Mesopotamia: “The Land Between Two Rivers”
Part of the Fertile Crescent, Mesopotamia (“the land between the rivers” in Greek), was by its geographical location and development influential in the region from at least 2500 BCE to the fall of Babylon in 539 BCE.
The Elamites of southeastern Iran and the Semites of Ebla in Syria both borrowed their script and, in part, their languages from Mesopotamia in the third millennium; as did the Semites, the Hurrians of Syria-Palestine and the Indo-Europeans of Anatolia, known as the Hittites, in the second.

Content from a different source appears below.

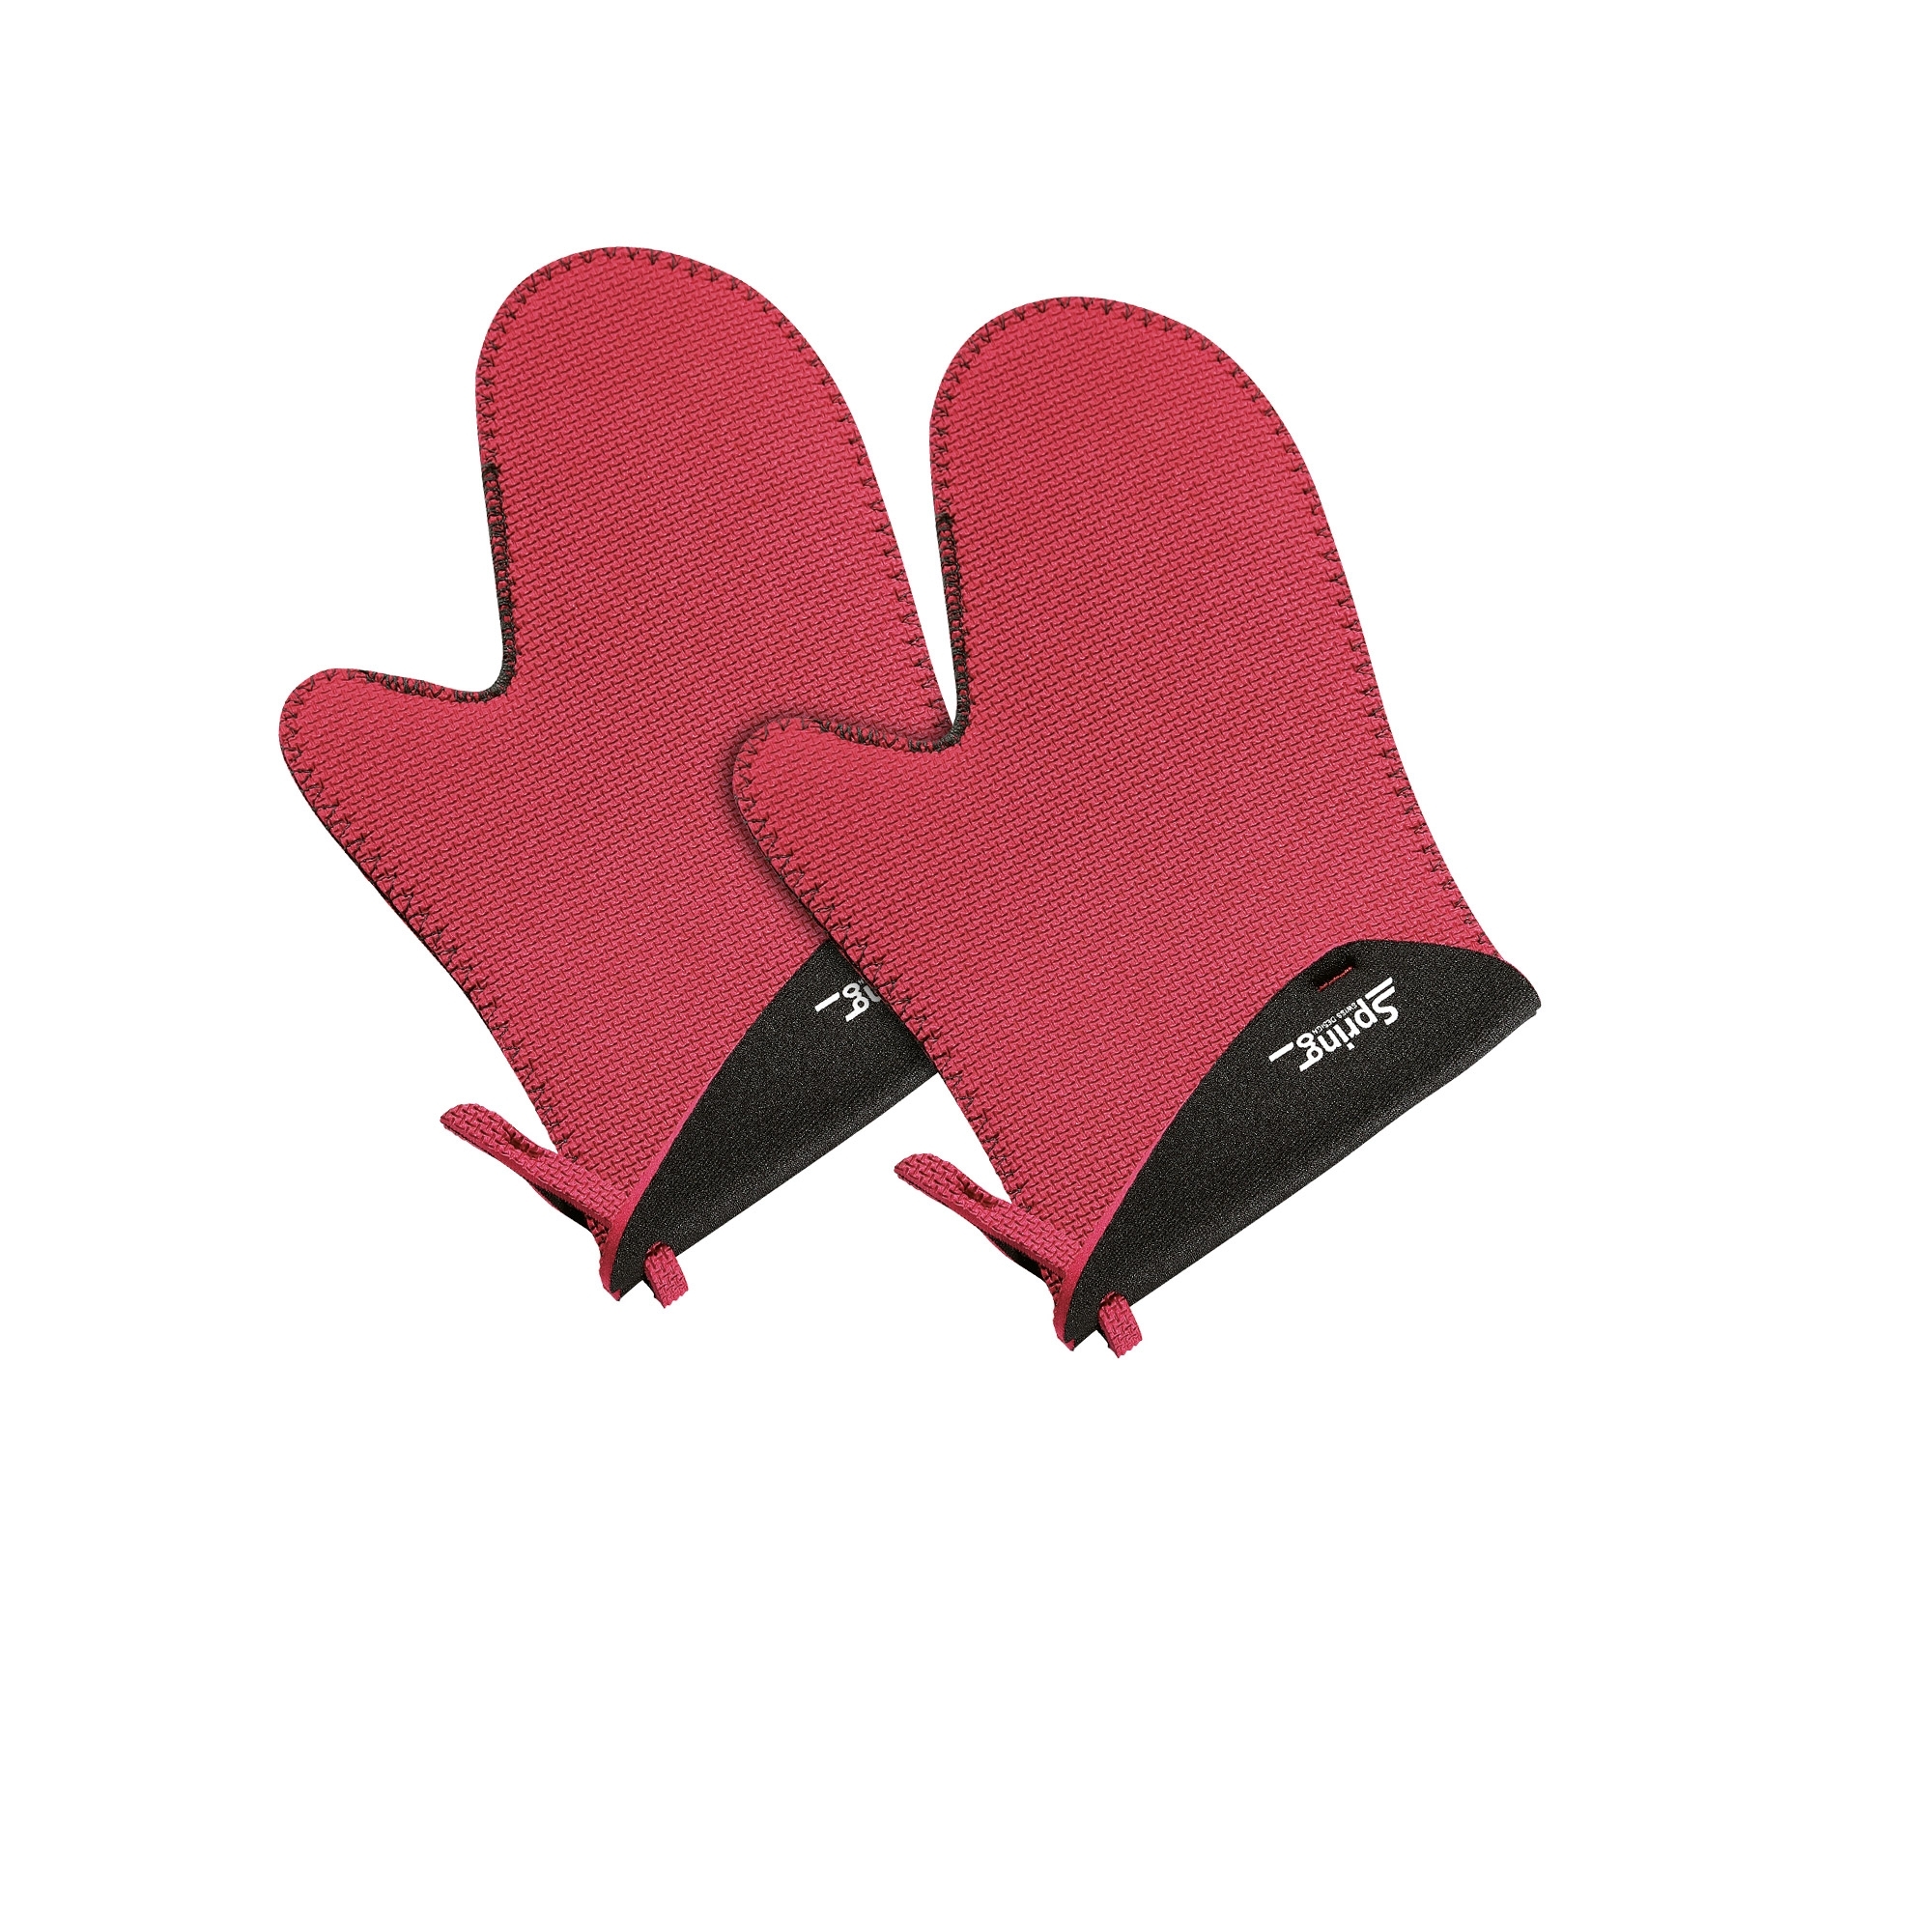 Spring - Grips Handschuh kurz - rot, schwarz

The courts of the Near East in the fifteenth century BCE were in Egypt at el-Amarna, but they wrote in cuneiform script in the Akkadian language, which was the regional language of diplomacy. Over 300 tablets, known as “the Amarna Letters” have been found which include correspondence from both Amenhotep III’s and Akhenaten’s reign that have helped to establish the history and chronology of the period.
The oldest city found to date is Uruk (ca 3900 BCE), located near the Euphrates River about 155 miles south of Baghdad. Uruk was a capital city for the Akkadian, Sumerian, Babylonian, Assyrian, and Seleucid civilizations, and was abandoned only after 100 CE. In the late fourth millennium it was the largest city in the Sumerian civilization, and by 2900 BCE it included nearly 1,000 acres making it most likely the largest city in the world at the time, with somewhere in the region of 50,000–80,000 residents. Along with urban settlements were temples, platforms, ziggurats, and cemeteries, all enclosed by a massive wall almost ten kilometers in circumference which was said to have been built on the orders of King Gilgamesh, who, well known in stories and legends, may actually have been an historical king of Uruk around 2700 BCE.
More than 200,000 cuneiform clay tablets have been found in the lands of ancient Mespotamia. Tablets with pictographic script from about 3000 BCE were found in the ruins of the Red Temple of Uruk. Nearly 30,000 cuneiform tablets (dated about 2350 BCE) were recovered at Telloh, near Lagash. Many others were found at a temple library at Nippur (2500 BCE), south of modern Baghdad. The Great House of Tablets, which seems to have been a law library dating to the reign of Ur-Nammu around 2100 BCE, was unearthed in the ruins of Ur.
Mesopotamians invented not only writing but may well have introduced several technologies including metal- and copper-working, glass and lamp making, textile weaving, flood control, water storage, and crop irrigation.
They were one of the first Bronze Age people in the world. Palaces and temples were decorated with copper, bronze, and gold; copper, bronze, and iron were used for armor and weaponry such as swords, daggers, spears, and maces.